# PROVIDED DATA
__________________________________________________
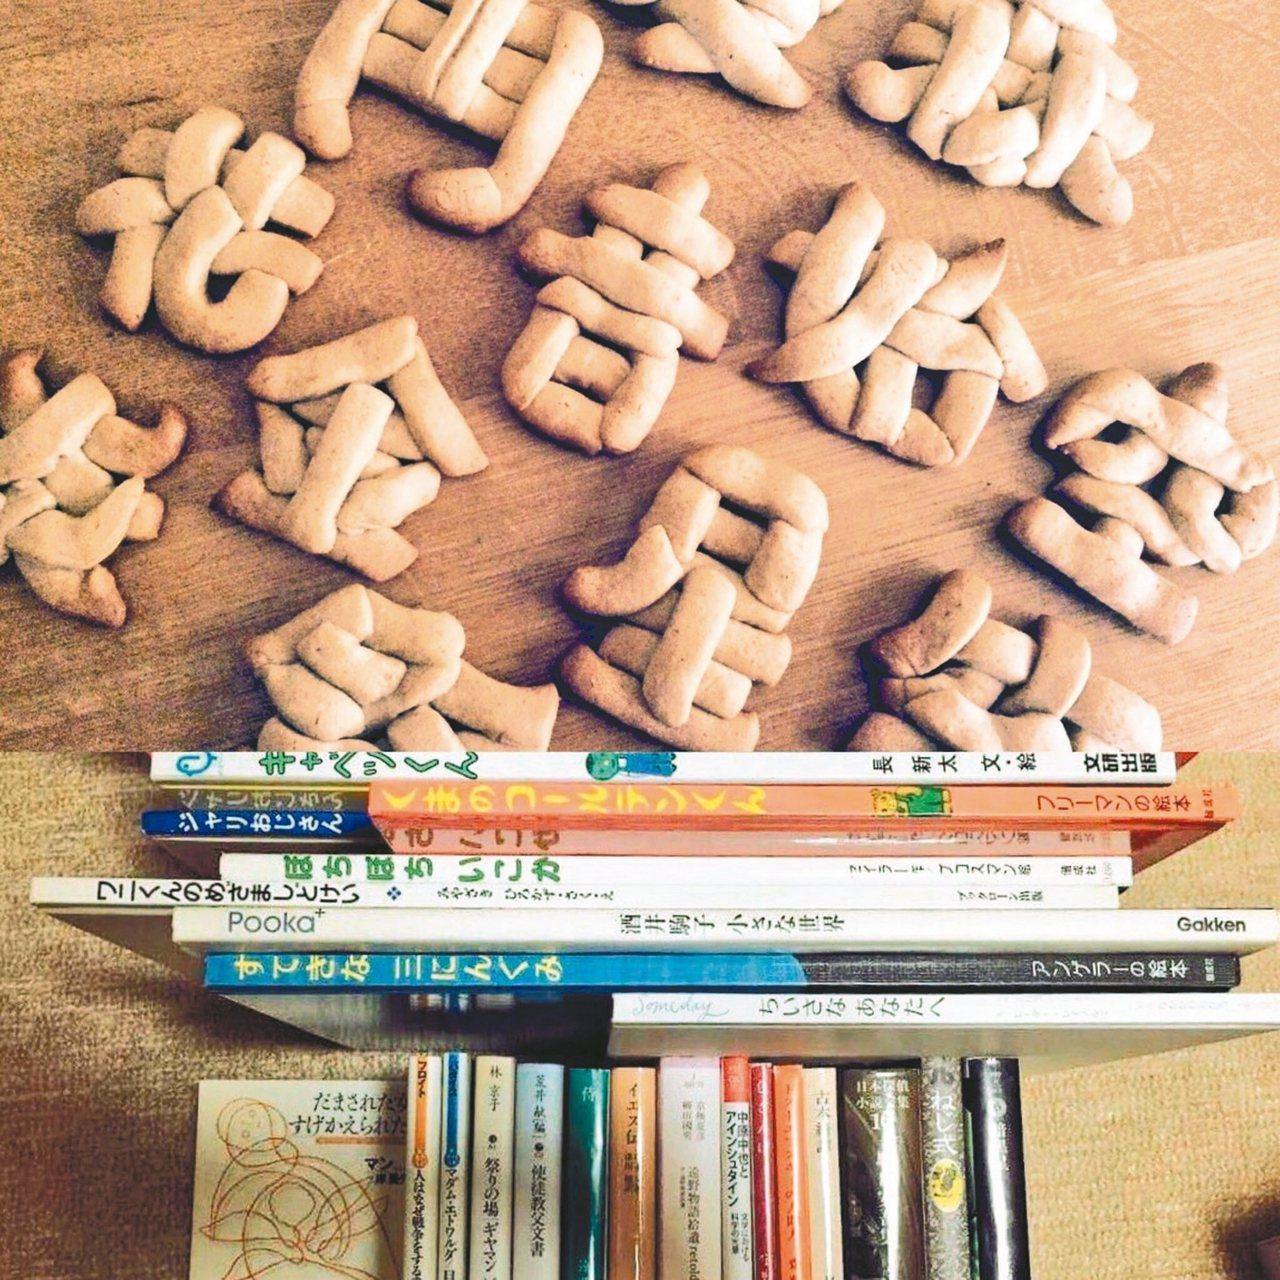 這些漢字餅乾,你認出來是哪些字嗎? 圖/取自朝日新聞網站
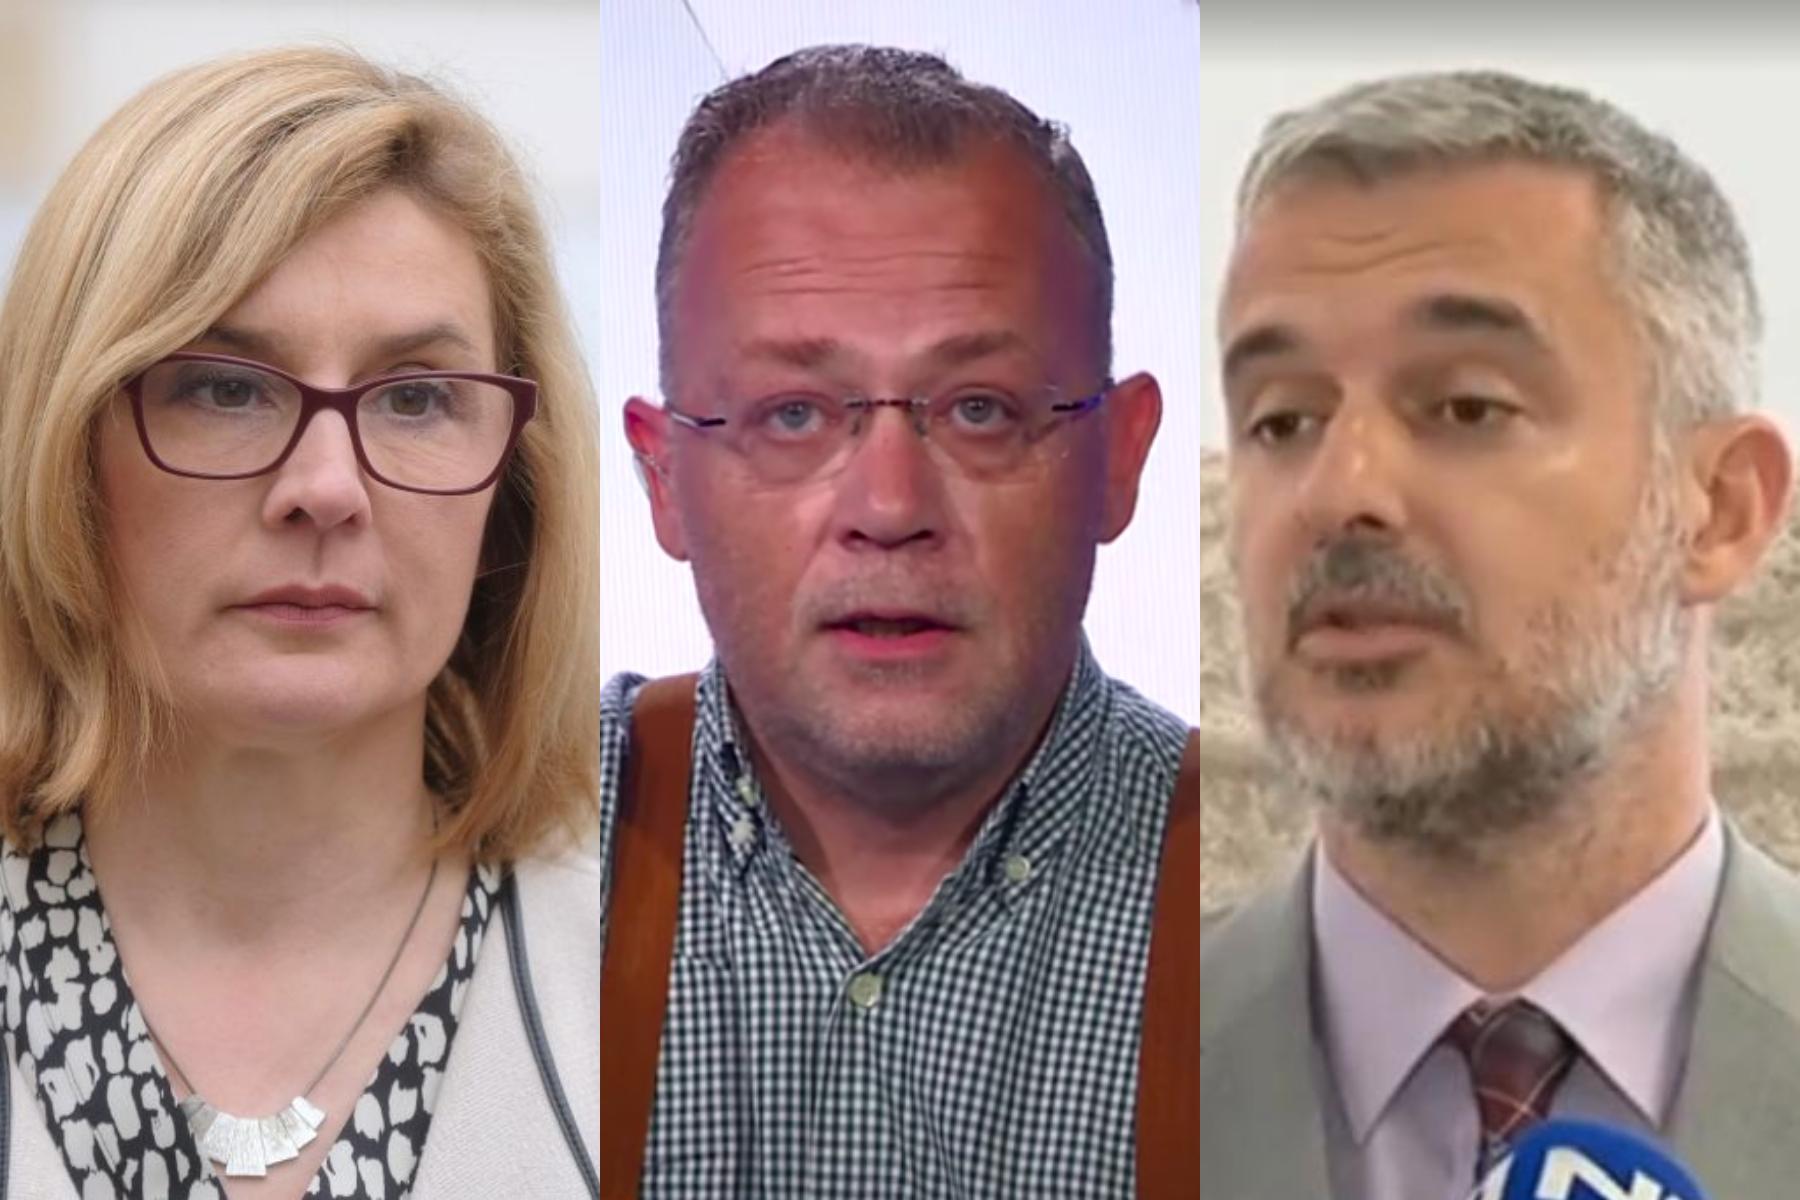 Pregled tjedna: Kanački o Zakonu o referendumu, Hasanbegović o VEM-u, Raspudić o cenzuri i rodnoj ideologiji
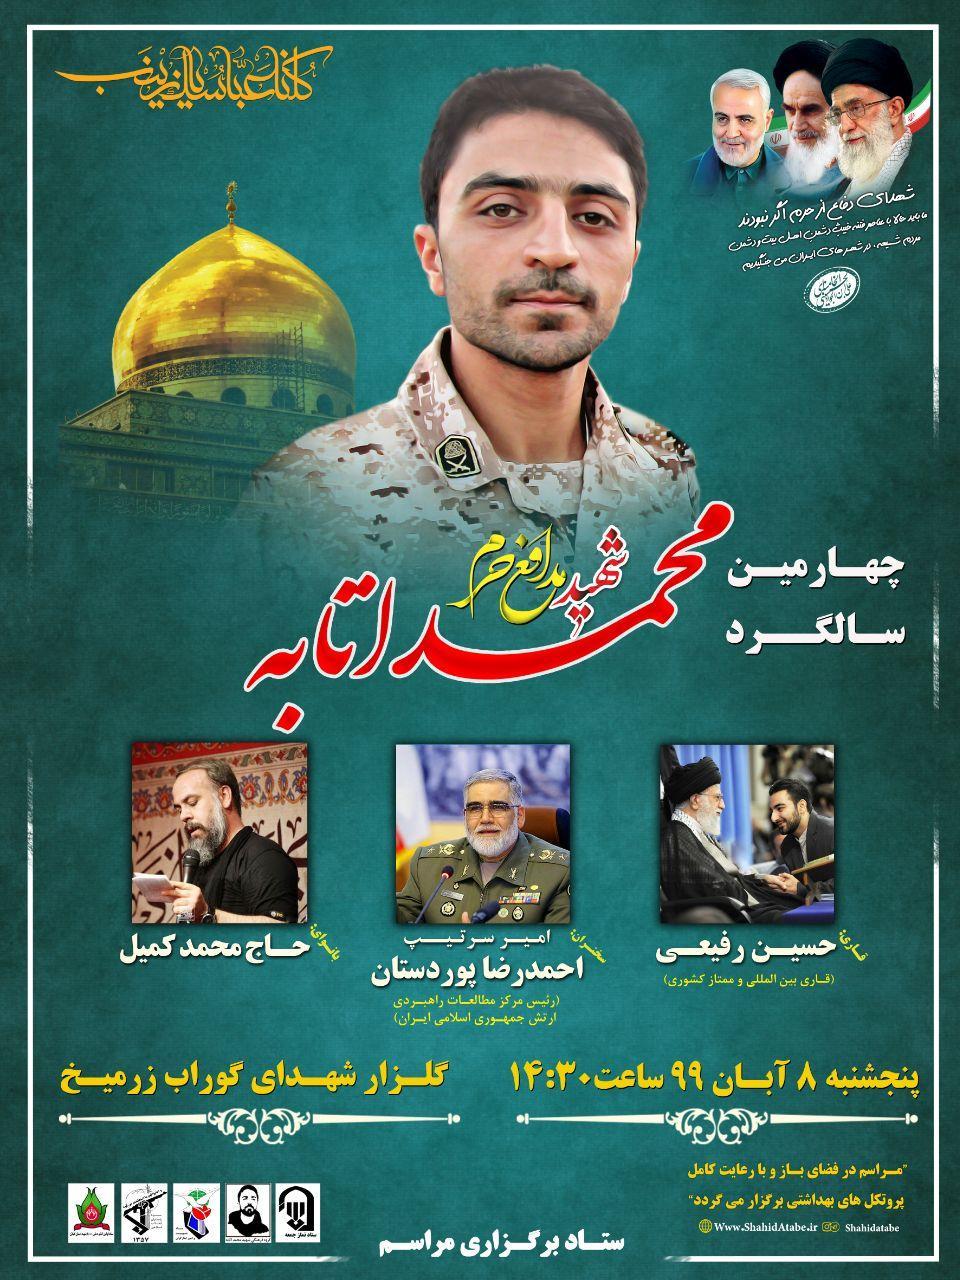 چهارمین سالگرد شهید مدافع حرم محمداتابه برگزار می شود.
__________________________________________________
Copy each line of the listing exactly, skipping any picture.

 這些漢字餅乾,你認出來是哪些字嗎? 圖/取自朝日新聞網站
 Pregled tjedna: Kanački o Zakonu o referendumu, Hasanbegović o VEM-u, Raspudić o cenzuri i rodnoj ideologiji
 چهارمین سالگرد شهید مدافع حرم محمداتابه برگزار می شود.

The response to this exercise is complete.